Aunque la jurisprudencia colombiana y el derecho internacional humanitario admiten ciertas aplicaciones restrictivas del derecho a la vida en situaciones de conflicto armado (como la baja de combatientes), la privación de este derecho fundamental nunca puede ser arbitraria y exige un análisis de razonabilidad y proporcionalidad. En el fragor de la guerra, e incluso frente a individuos responsables de crímenes aberrantes, la normativa es clara: “los muertos deben ser respetados y tratados dignamente”.

El fantasma de los “falsos positivos”

La Defensoría también encendió las alarmas por la existencia de plataformas de dudosa procedencia institucional, como un portal denominado “las bajas del Tigre”. En esta página, cuya oficialidad aún no se ha logrado confirmar, se contabilizan los muertos y otros resultados operacionales obtenidos desde la posesión del nuevo mandatario nacional.

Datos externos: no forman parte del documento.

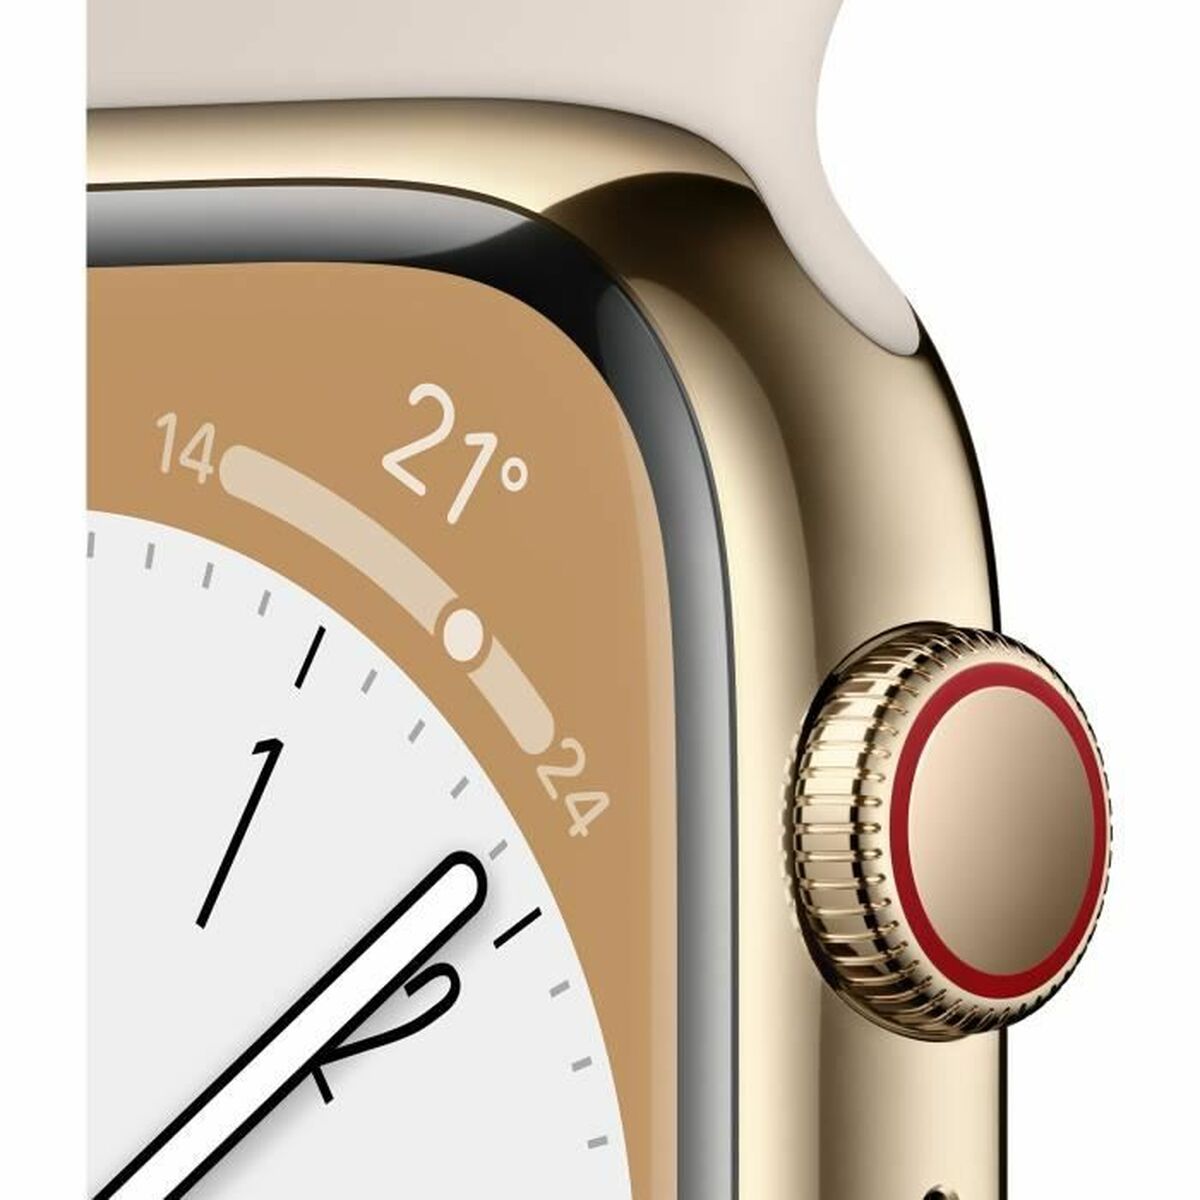 Reloj Inteligente Apple Watch Serie 8 Watchos 9 32gb 4g

Para el Ministerio Público, esta política de medir el éxito en función estricta de las bajas en combate es extremadamente riesgosa. Colombia ya padeció las nefastas consecuencias de este enfoque, el cual derivó en un crimen de sistema que actualmente es juzgado por la Jurisdicción Especial para la Paz (JEP): los denominados “falsos positivos”. Aunque la entidad aclaró que no asumen que los cuerpos de la operación “Azarías” correspondan a esta lógica criminal, sí instó al Ejecutivo a consolidar indicadores más comprensivos que midan la seguridad en derechos garantizados y vidas salvadas para la población civil.

Legitimidad institucional

Tras décadas de violencias extremas, la lección histórica es inocultable: deshumanizar al adversario termina por deshumanizar también a quien ejerce el poder. A lo largo del conflicto colombiano, múltiples actores armados han instrumentalizado los cuerpos, la humillación y el miedo para enviar mensajes de terror. Sin embargo, ese no puede convertirse jamás en el lenguaje oficial del Estado.

No debemos normalizar que los cuerpos de personas muertas hagan parte de la escenografía de una declaración pública. El poder de un Estado verdaderamente democrático no se mide únicamente por su capacidad de imponerse mediante el uso de la fuerza, sino por los símbolos y los valores con los que se presenta ante la sociedad. La verdadera autoridad institucional se afirma cuando se combate el crimen con absoluta decisión, pero conservando de forma intachable los límites que impone la Constitución y la humanidad.

La contundencia militar contra las disidencias no justifica bajo ninguna circunstancia la degradación de los símbolos estatales ni de la dignidad humana. El Estado colombiano enfrenta el reto mayúsculo de garantizar justicia e imponer el orden sin descender al nivel de crueldad de los actores que busca desmantelar. Desde ENREDIJO Sistema de Medios Digitales, continuaremos analizando a fondo las dinámicas de nuestra política de seguridad, priorizando siempre la defensa inalienable de los derechos fundamentales.

Redactado con información publicada en el sitio oficial de la Defensoría del Pueblo de Colombia. La corrección se realizó con asistencia de inteligencia artificial.